INFORMATION GIVEN Start Marker

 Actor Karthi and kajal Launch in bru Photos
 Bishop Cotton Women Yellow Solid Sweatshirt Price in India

INFORMATION GIVEN End Marker
INFORMATION GIVEN Start Marker

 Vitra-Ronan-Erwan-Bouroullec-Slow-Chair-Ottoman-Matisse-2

INFORMATION GIVEN End Marker

PROBLEM -> All lines in the listing above between the line with "Actor Karthi and kajal Launch in bru Photos" and the line with "Bishop Cotton Women", inclusive, should be set down exactly, and no line outside that range.

WRITTEN SOLUTION ->
 Actor Karthi and kajal Launch in bru Photos
 Bishop Cotton Women Yellow Solid Sweatshirt Price in India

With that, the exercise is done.